Когда в колледже узнали, что ректор проживет еще несколько месяцев, общая тревожная возбужденность заметно усилилась. Кое-кто, правда, искренне обрадовался, что можно хоть на время забыть про выборы. Кристл, например, вплотную занялся переговорами с сэром Хорасом, развивавшимися после февральского праздника не слишком-то успешно: сэр Хорас часто писал Брауну, но интересовала его главным образом подготовка юного Тимберлейка к выпускным экзаменам; иногда он спрашивал в письмах и о делах колледжа, но Браун говорил, что его «не доведешь до нужной кондиции», пока Тимберлейк не сдаст экзамены. Браун теперь занимался с ним по нескольку часов в неделю. «Я не знаю, — заметил он однажды, — собирается ли сэр Хорас перейти от слов к делу, но зато знаю, что, если его племянник не получит диплома, он просто прекратит с нами всякое общение».
Кристлу, да еще, пожалуй, Пилброу, до смерти надоела предвыборная борьба. Однако остальные мои коллеги продолжали думать о выборах, и вынужденная отсрочка только углубляла захлестнувшую колледж вражду. Нервы у всех были крайне напряжены, а бездеятельное и нескончаемое, как нам казалось, ожидание только увеличивало эту напряженность. Сплетни Найтингейла делали свое дело. Мне передавали, что даже Винслоу, всегда относившийся к Рою с симпатией, едко сказал: «Раньше я думал, что превыше всего мы ценим в своих коллегах порядочность — порядочность, а не мишурный блеск интеллекта. Но старший наставник подбирает себе сторонников, нисколько не считаясь с нашими этическими принципами».
В конце концов об этих сплетнях узнал и Рой, хотя мы всячески старались оградить его от них. Сейчас он чувствовал себя даже хуже, чем в тот день, когда утешал леди Мюриэл, а узнав о злобных измышлениях Найтингейла, вплотную приблизился к очередному приступу депрессии. Обычно его ничуть не интересовало, как относятся к нему другие люди, но в последнее время он стал очень ранимым. Им овладела мрачная подавленность, и, хотя окружающие не замечали ее, мне было не по себе. Я часто сопровождал его в вечерних прогулках по улицам Кембриджа. Теплый майский воздух был напоен запахом цветущих левкоев и сирени, вечерняя заря мягко подсвечивала темное небо, окна в домах были широко распахнуты. Мне никак не удавалось отвлечь Роя от мрачных мыслей — он слушал меня очень рассеянно и почти никогда не отвечал.

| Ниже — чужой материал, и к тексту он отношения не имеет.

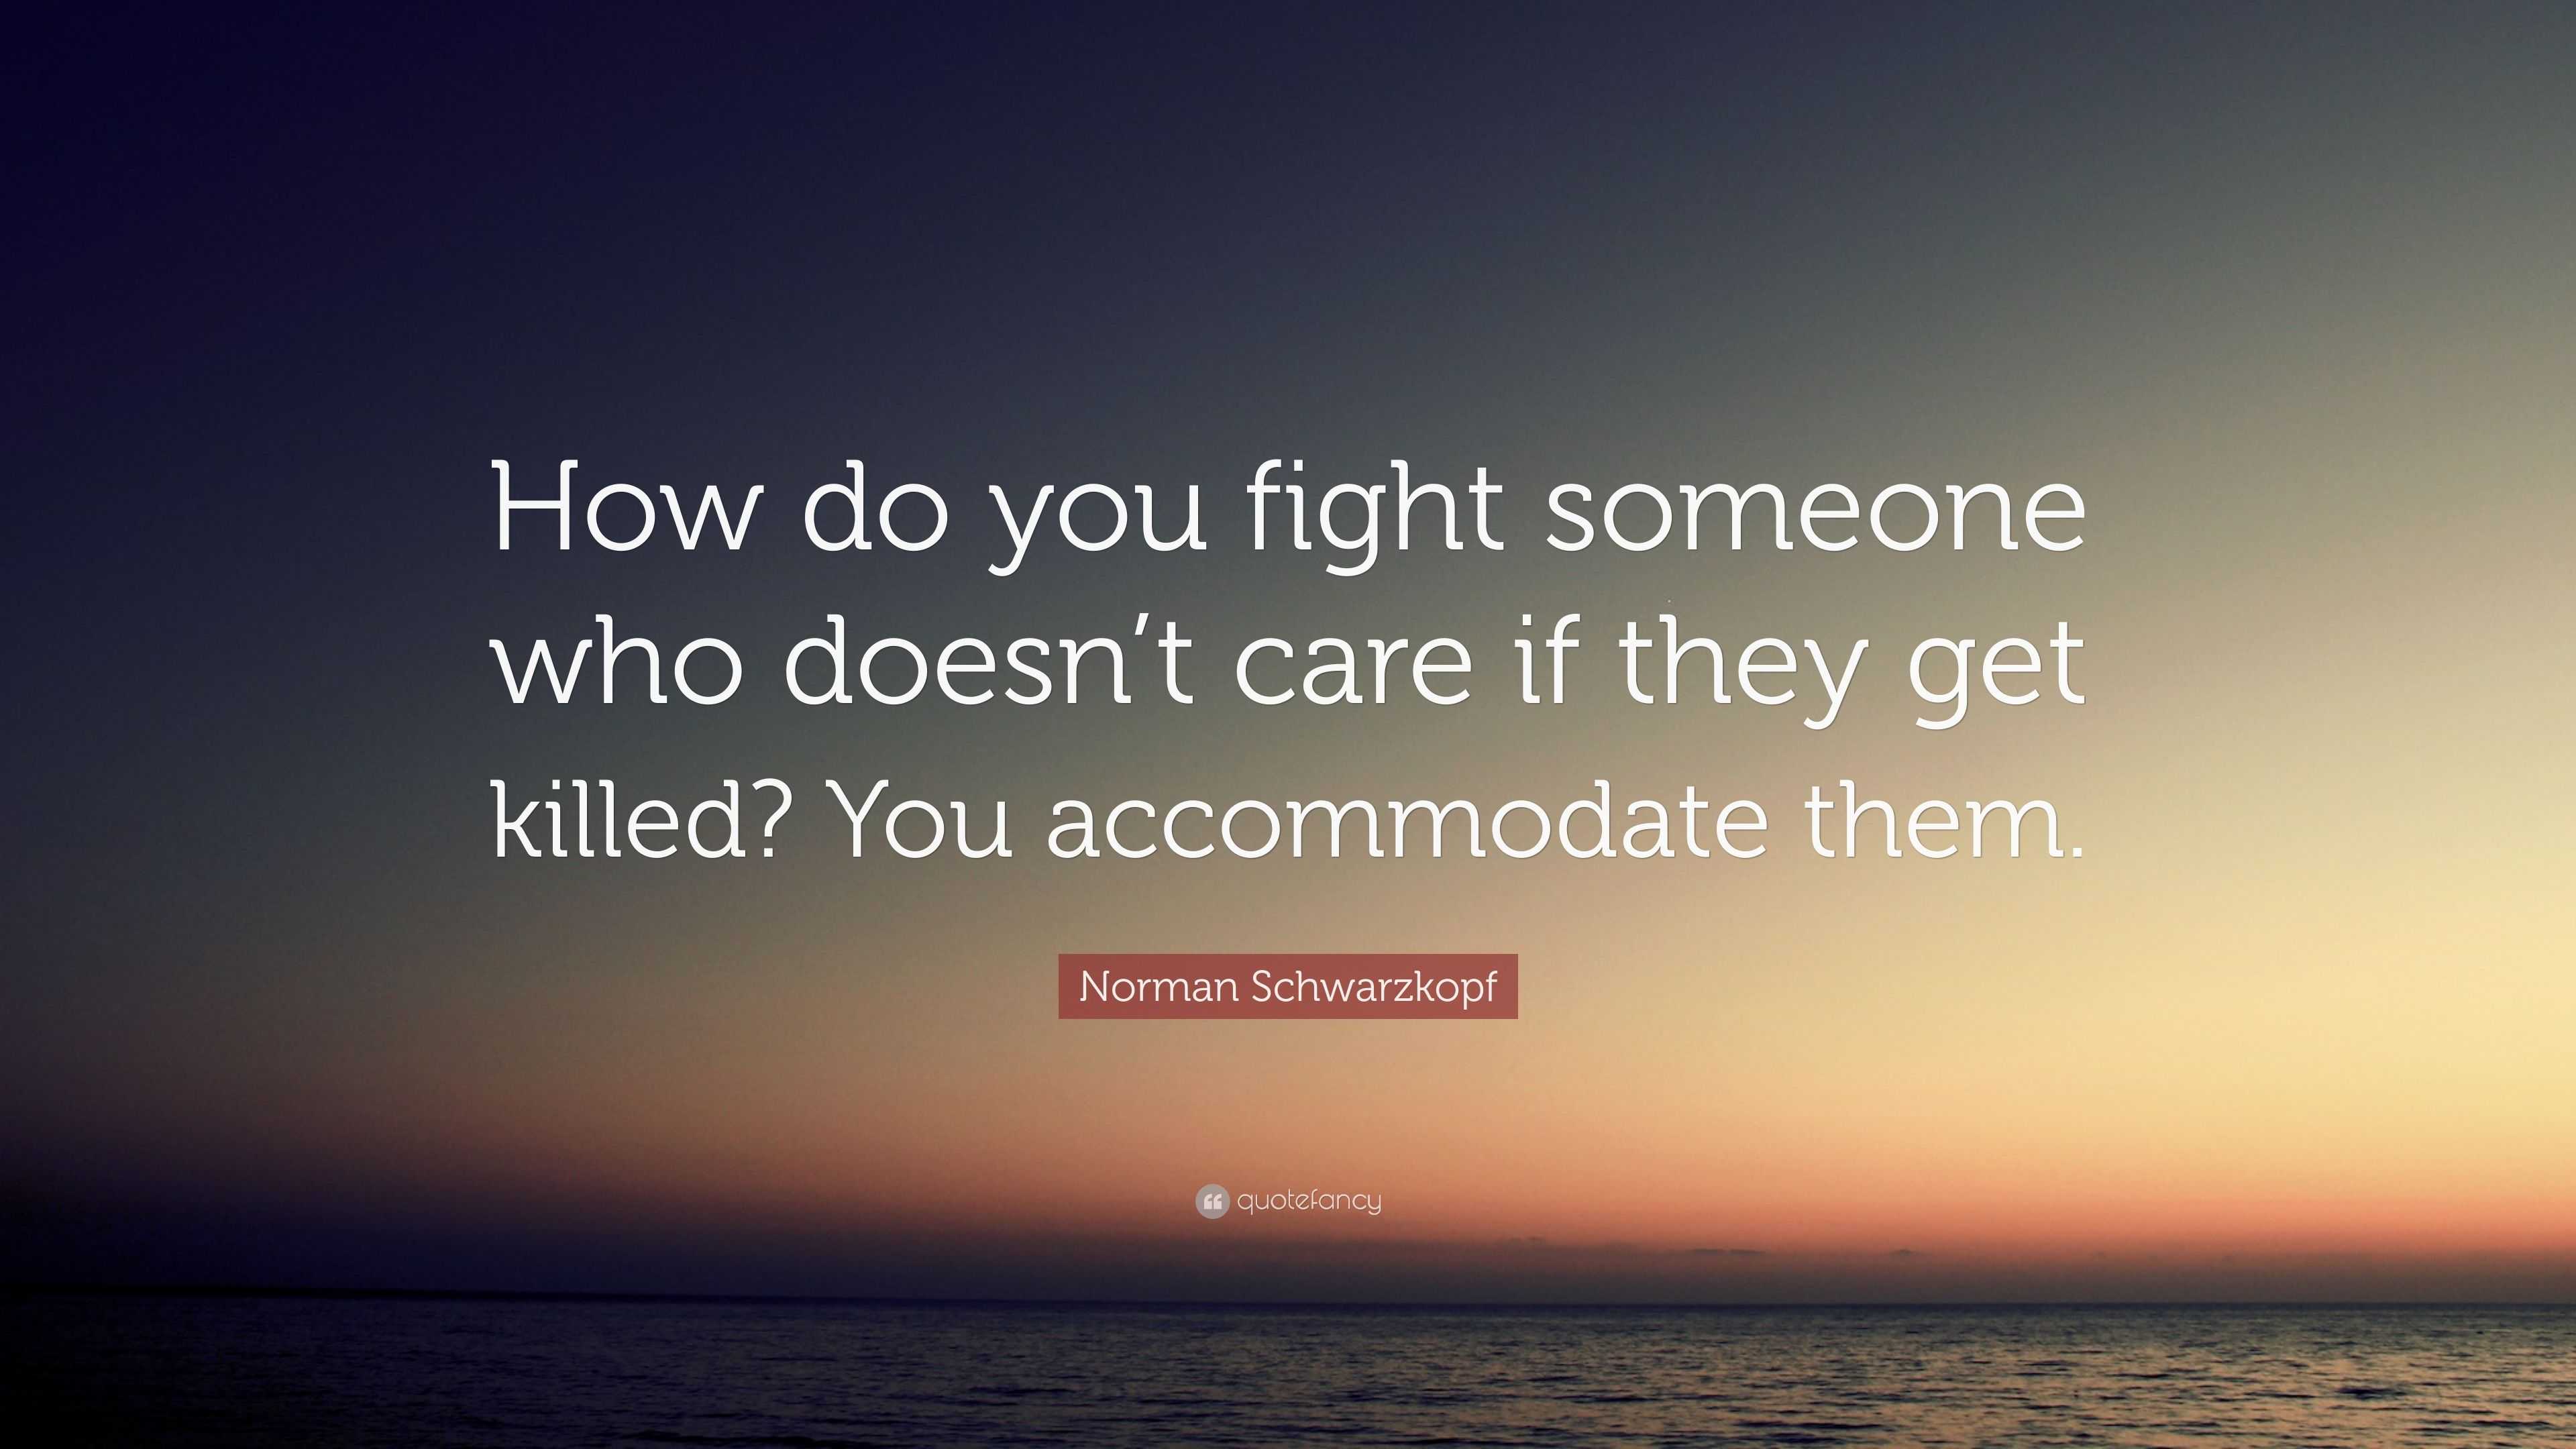 Norman Schwarzkopf Quote “How do you fight someone who doesn t care if

А Найтингейл нападал не только на него. Как-то вечером, в конце мая, ко мне подошел Льюк и сказал, что ему надо со мной поговорить. Мы поднялись ко мне в гостиную, и тут он дал волю своему гневу:
— Я человек терпеливый, но скоро он у меня дождется, этот Найтингейл. По-моему, я и так слишком долго молчал. Сдается мне, что я скоро заговорю — и тогда уж выложу им все начистоту.
— Что он еще выкинул?
— Он пригрозил мне, что, если я не проголосую за Кроуфорда, меня потом не возьмут в колледж на постоянную работу, они, дескать, об этом позаботятся.
— Мало ли что он скажет…
— Вы думаете, я не понимаю? Я ему спокойно ответил — хотя, убей бог, не понимаю, зачем мне понадобилось сдерживаться, — что я лучше удавлюсь. Выходит, они думают, что угрозами меня можно заставить покорно отплясывать под их дудку?
— Может быть, и думают. — Я улыбнулся, хотя меня возмутила выходка Найтингейла. А вот Льюк нравился мне все больше. Если уж его охватывал гнев, то он отдавался ему без оглядки. Все его чувства — пылкая радость, когда работа подвигалась успешно, неподдельное горе, когда исследования заходили в тупик, даже его страстная сдержанность на официальных собраниях — были глубокими и поразительно искренними. Они захватывали его целиком. Воплощенное негодование — вот как его можно было охарактеризовать в тот вечер. — Может быть, и думают, — сказал я. — Но мы-то с вами знаем, что они ошибаются.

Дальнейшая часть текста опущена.